Acccount_num start_dt end_dt
A111326 02/01/2016 02/11/2016
A111326 02/12/2016 03/05/2016
A111326 03/02/2016 03/16/2016
A111331 02/28/2016 02/29/2016
A111331 02/29/2016 03/29/2016
A999999 08/25/2015 08/25/2015
A999999 12/19/2015 12/22/2015
A222222 11/06/2015 11/10/2015
A222222 05/16/2016 05/17/2016
Both A111326 and A111331 should be identified as contiguous data and A999999 and
A222222 should be identified as discontinuous data.In my code I currently use the following query to identify discontinuous data. The A111326 is also erroneously identified as discontinuous data.
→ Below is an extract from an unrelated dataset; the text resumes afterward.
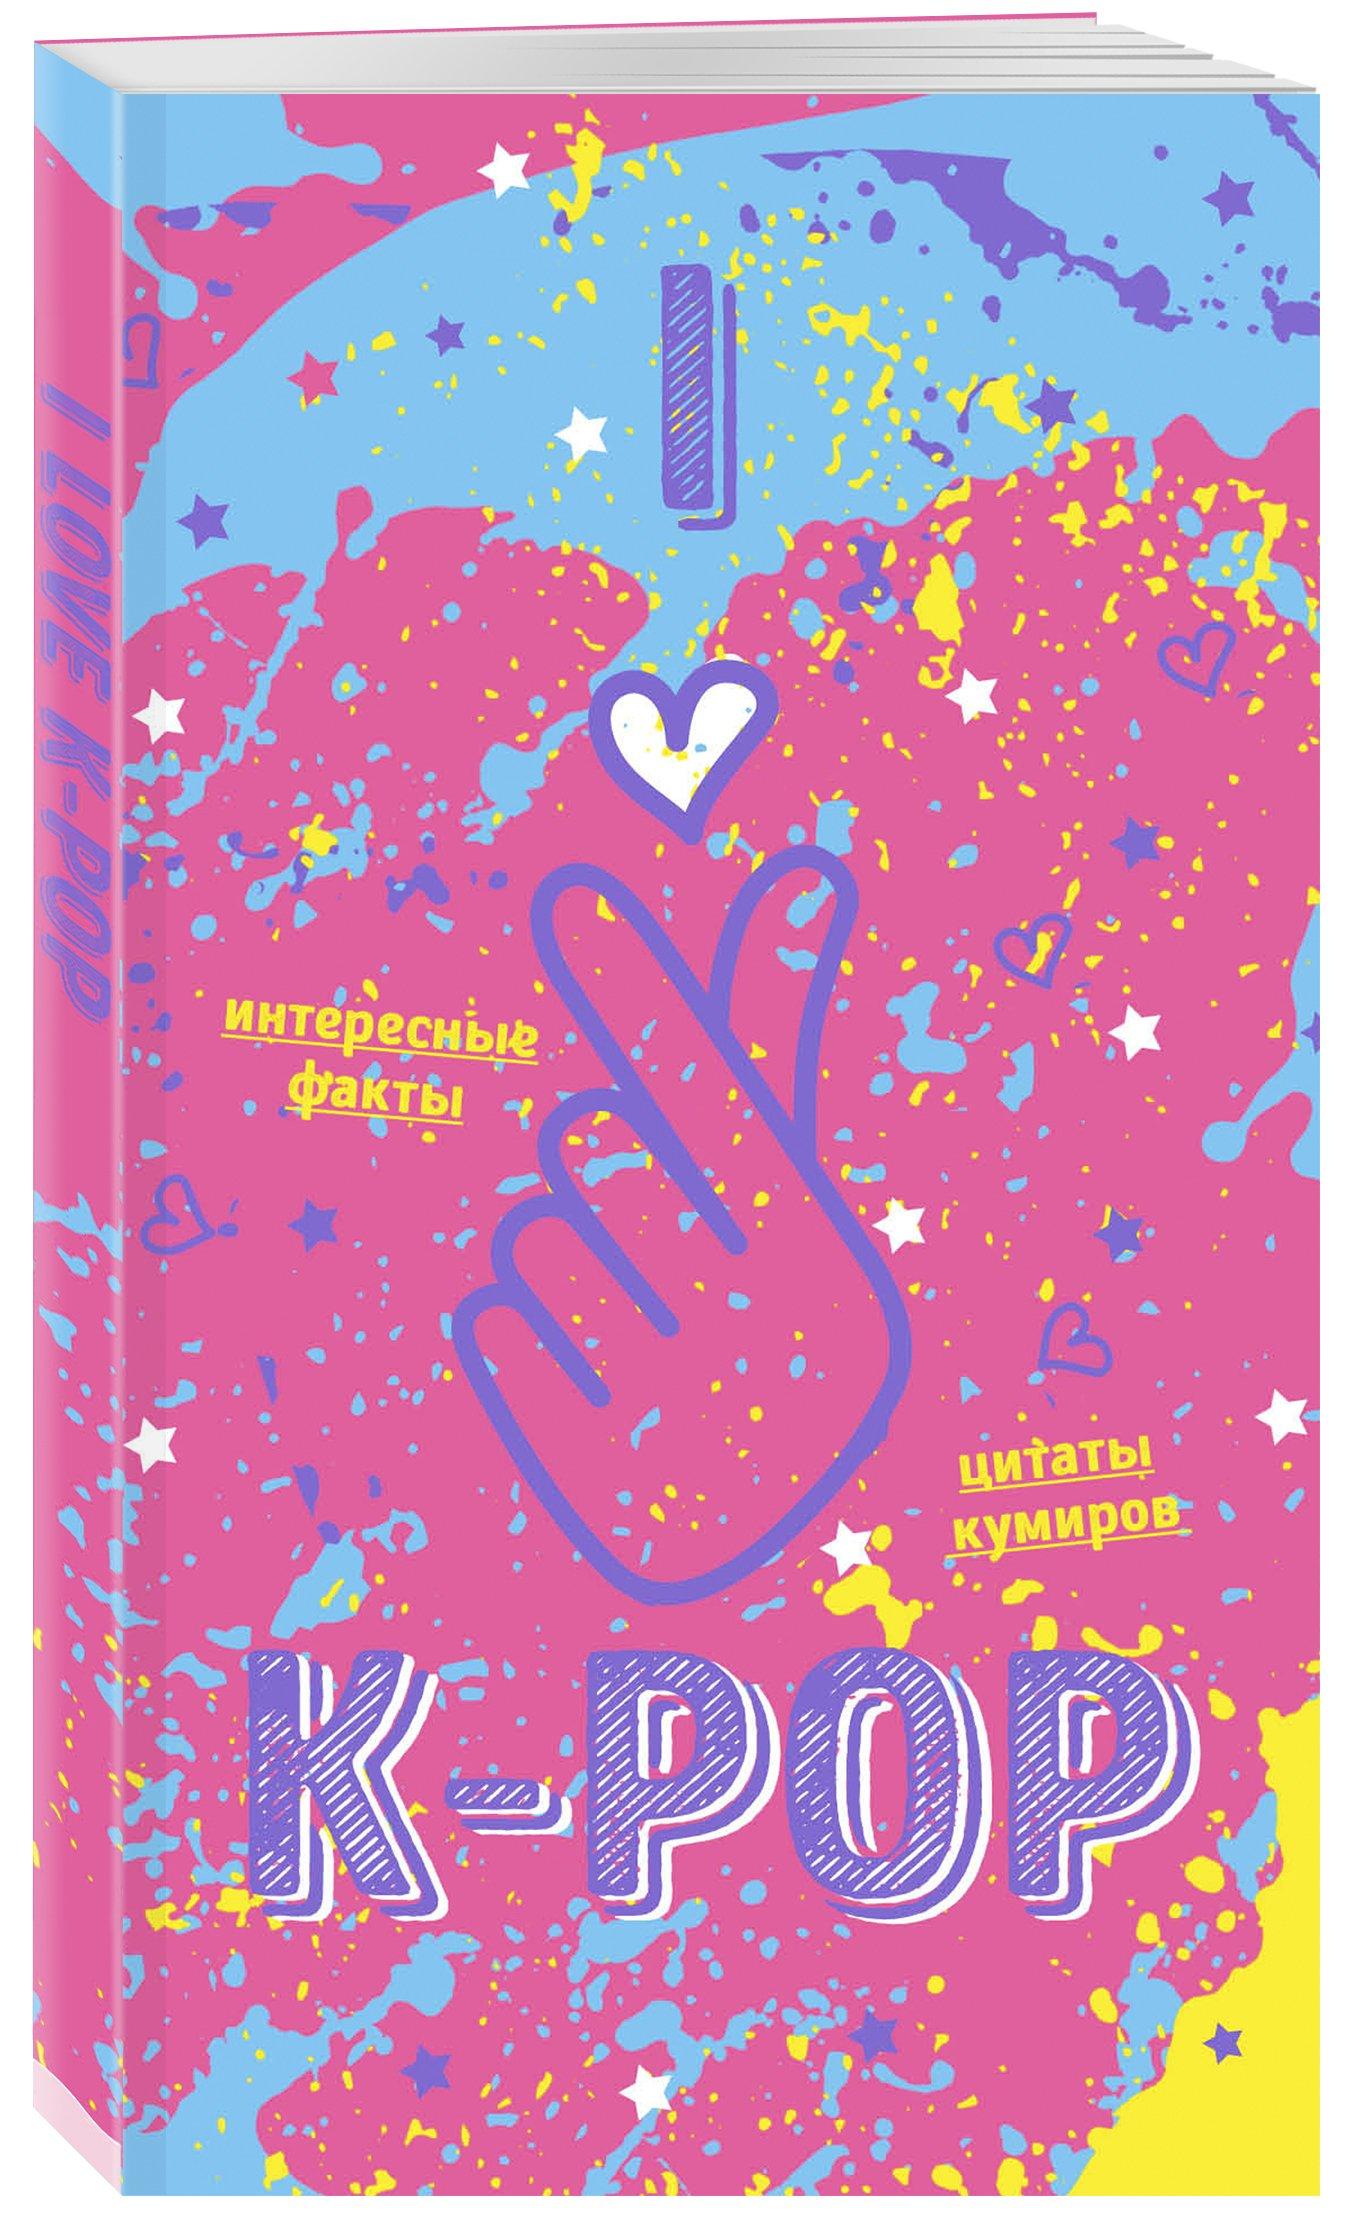 Блокнот K-POP. Твой яркий проводник в корейскую культуру! (формат А5, мягкая обложка, розовый) стоимость

Please help to modify the below code so that A111326 is not identified as discontinuous data.Thanks in advance for your help.
(SELECT account_num
FROM (SELECT account_num,
(MAX (
END_DT)
OVER (PARTITION BY account_num
ORDER BY START_DT))
START_DT,
(LEAD (
START_DT)
OVER (PARTITION BY account_num
ORDER BY START_DT))
END_DT
FROM x
WHERE (START_DT + 1) <=
(END_DT - 1))
WHERE START_DT < END_DT);
Oracle Setup:
CREATE TABLE accounts ( Account_num, start_dt, end_dt ) AS
SELECT 'A', DATE '2016-02-01', DATE '2016-02-11' FROM DUAL UNION ALL
SELECT 'A', DATE '2016-02-12', DATE '2016-03-05' FROM DUAL UNION ALL
SELECT 'A', DATE '2016-03-02', DATE '2016-03-16' FROM DUAL UNION ALL
SELECT 'B', DATE '2016-02-28', DATE '2016-02-29' FROM DUAL UNION ALL
SELECT 'B', DATE '2016-02-29', DATE '2016-03-29' FROM DUAL UNION ALL
SELECT 'C', DATE '2015-08-25', DATE '2015-08-25' FROM DUAL UNION ALL
SELECT 'C', DATE '2015-12-19', DATE '2015-12-22' FROM DUAL UNION ALL
SELECT 'D', DATE '2015-11-06', DATE '2015-11-10' FROM DUAL UNION ALL
SELECT 'D', DATE '2016-05-16', DATE '2016-05-17' FROM DUAL UNION ALL
SELECT 'E', DATE '2016-01-01', DATE '2016-01-02' FROM DUAL UNION ALL
SELECT 'E', DATE '2016-01-05', DATE '2016-01-06' FROM DUAL UNION ALL
SELECT 'E', DATE '2016-01-03', DATE '2016-01-07' FROM DUAL;
Query:
WITH times ( account_num, dt, lvl ) AS (
SELECT Account_num, start_dt - 1, 1 FROM accounts
UNION ALL
SELECT Account_num, end_dt, -1 FROM accounts
)
, totals ( account_num, dt, total ) AS (
SELECT account_num,
dt,
SUM( lvl ) OVER ( PARTITION BY Account_num ORDER BY dt, lvl DESC )
FROM times
)
SELECT Account_num,
CASE WHEN COUNT( CASE total WHEN 0 THEN 1 END ) > 1
THEN 'N'
ELSE 'Y'
END AS is_contiguous
FROM totals
GROUP BY Account_Num
ORDER BY Account_Num;
Output:
ACCOUNT_NUM IS_CONTIGUOUS
----------- -------------
A Y
B Y
C N
D N
E Y
Alternative Query:
(It's exactly the same method just using UNPIVOT rather than UNION ALL.)
SELECT Account_num,
CASE WHEN COUNT( CASE total WHEN 0 THEN 1 END ) > 1
THEN 'N'
ELSE 'Y'
END AS is_contiguous
FROM (
SELECT Account_num,
SUM( lvl ) OVER ( PARTITION BY Account_Num
ORDER BY CASE lvl WHEN 1 THEN dt - 1 ELSE dt END,
lvl DESC
) AS total
FROM accounts
UNPIVOT ( dt FOR lvl IN ( start_dt AS 1, end_dt AS -1 ) )
)
GROUP BY Account_Num
ORDER BY Account_Num;
WITH cte AS (
SELECT
AccountNumber
,CASE
WHEN
LAG(End_Dt) OVER (PARTITION BY AccountNumber ORDER BY End_Dt) IS NULL THEN 0
WHEN
LAG(End_Dt) OVER (PARTITION BY AccountNumber ORDER BY End_Dt) >= Start_Dt - 1 THEN 0
ELSE 1
END as discontiguous
FROM
#Table
)
SELECT
AccountNumber
,CASE WHEN SUM(discontiguous) > 0 THEN 'discontiguous' ELSE 'contiguous' END
FROM
cte
GROUP BY
AccountNumber;
One of your problems is that your contiguous desired result also includes overlapping date ranges in your example data set. Example A111326 Starts on 3/2/2016 but ends the row before on 3/5/2015 meaning it overlaps by 3 days.